_Work to complete_
Return the lines below that contain "Large".

_Given data_
+---+
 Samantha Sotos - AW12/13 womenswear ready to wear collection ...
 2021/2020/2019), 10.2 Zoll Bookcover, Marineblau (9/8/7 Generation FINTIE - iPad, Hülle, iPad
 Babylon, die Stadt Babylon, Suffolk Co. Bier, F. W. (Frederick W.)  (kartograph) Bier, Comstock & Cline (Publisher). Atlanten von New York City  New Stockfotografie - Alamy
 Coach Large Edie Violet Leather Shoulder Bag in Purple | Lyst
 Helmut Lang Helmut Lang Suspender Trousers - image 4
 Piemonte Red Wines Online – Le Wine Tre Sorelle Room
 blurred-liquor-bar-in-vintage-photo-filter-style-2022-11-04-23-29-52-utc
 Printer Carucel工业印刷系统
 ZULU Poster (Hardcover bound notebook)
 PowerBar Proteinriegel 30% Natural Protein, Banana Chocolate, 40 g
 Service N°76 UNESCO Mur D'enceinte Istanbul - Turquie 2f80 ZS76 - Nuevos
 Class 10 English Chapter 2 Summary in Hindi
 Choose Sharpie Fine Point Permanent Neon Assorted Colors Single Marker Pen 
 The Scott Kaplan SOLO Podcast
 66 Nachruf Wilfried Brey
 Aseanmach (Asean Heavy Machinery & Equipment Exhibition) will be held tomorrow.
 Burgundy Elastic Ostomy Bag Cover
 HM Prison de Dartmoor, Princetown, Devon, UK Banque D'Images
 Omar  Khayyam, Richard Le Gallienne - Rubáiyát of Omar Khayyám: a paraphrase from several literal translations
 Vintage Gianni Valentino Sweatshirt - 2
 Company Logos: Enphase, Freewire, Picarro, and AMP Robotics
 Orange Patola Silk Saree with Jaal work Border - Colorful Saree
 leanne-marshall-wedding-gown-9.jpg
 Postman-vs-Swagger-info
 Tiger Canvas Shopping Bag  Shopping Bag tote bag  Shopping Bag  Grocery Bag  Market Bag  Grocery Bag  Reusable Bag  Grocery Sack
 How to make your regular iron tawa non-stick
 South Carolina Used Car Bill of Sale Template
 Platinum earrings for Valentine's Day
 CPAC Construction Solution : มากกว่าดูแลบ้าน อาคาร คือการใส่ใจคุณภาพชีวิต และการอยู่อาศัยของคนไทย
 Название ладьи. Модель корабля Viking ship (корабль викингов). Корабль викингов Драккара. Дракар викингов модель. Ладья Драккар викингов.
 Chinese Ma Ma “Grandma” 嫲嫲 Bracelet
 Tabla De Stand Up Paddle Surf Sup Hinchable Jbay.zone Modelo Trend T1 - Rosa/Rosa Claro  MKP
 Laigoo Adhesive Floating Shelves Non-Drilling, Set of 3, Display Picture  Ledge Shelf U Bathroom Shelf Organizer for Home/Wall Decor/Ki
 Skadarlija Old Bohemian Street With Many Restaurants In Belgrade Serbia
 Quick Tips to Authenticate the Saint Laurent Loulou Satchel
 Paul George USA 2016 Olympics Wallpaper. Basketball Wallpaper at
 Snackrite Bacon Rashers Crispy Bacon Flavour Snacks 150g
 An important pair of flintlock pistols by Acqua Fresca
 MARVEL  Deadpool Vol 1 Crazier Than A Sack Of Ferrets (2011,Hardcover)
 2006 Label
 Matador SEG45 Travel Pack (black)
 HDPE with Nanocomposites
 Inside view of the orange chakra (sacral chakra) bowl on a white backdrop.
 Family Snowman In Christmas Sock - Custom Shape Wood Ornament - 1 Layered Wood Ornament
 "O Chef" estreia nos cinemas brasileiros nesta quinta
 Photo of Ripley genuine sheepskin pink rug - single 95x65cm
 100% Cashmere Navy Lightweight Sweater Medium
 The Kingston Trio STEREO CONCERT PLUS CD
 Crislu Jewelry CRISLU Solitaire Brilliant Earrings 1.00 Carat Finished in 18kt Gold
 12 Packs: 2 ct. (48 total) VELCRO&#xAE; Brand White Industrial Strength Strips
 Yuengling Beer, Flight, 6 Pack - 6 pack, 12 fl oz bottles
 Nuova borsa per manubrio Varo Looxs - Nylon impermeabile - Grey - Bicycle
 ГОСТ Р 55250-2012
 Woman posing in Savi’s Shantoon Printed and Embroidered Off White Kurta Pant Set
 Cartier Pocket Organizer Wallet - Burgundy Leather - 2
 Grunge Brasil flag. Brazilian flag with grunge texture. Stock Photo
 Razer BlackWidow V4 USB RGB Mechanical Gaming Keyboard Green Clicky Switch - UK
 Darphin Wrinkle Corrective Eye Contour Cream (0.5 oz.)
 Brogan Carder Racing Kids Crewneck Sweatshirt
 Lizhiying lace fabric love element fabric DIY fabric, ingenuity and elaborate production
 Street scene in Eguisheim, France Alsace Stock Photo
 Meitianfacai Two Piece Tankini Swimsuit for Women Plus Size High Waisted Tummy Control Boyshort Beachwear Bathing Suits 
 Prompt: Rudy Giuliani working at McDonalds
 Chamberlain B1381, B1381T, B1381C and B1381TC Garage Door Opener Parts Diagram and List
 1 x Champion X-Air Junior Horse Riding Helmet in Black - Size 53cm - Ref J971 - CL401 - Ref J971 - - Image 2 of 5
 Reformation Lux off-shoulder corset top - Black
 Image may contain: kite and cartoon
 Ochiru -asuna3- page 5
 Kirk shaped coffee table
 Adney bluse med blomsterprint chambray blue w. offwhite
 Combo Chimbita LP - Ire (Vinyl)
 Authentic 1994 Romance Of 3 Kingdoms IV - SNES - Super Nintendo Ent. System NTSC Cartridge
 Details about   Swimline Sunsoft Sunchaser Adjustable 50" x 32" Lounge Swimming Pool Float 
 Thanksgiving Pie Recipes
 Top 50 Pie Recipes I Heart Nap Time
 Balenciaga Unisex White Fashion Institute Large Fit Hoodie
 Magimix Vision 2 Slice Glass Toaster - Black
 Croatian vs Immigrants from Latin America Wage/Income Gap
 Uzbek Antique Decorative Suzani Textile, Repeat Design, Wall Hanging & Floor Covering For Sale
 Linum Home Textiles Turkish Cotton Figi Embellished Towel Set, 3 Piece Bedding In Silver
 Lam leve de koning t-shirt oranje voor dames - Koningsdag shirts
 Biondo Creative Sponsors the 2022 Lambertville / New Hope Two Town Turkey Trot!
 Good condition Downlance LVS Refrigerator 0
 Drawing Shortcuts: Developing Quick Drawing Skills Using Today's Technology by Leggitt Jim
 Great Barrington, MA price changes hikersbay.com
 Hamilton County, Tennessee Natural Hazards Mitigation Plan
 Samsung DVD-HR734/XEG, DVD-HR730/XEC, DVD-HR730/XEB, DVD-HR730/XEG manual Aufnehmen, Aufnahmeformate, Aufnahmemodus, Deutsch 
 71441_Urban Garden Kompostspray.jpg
+---+
_Completed exercise_
 Coach Large Edie Violet Leather Shoulder Bag in Purple | Lyst
 Balenciaga Unisex White Fashion Institute Large Fit Hoodie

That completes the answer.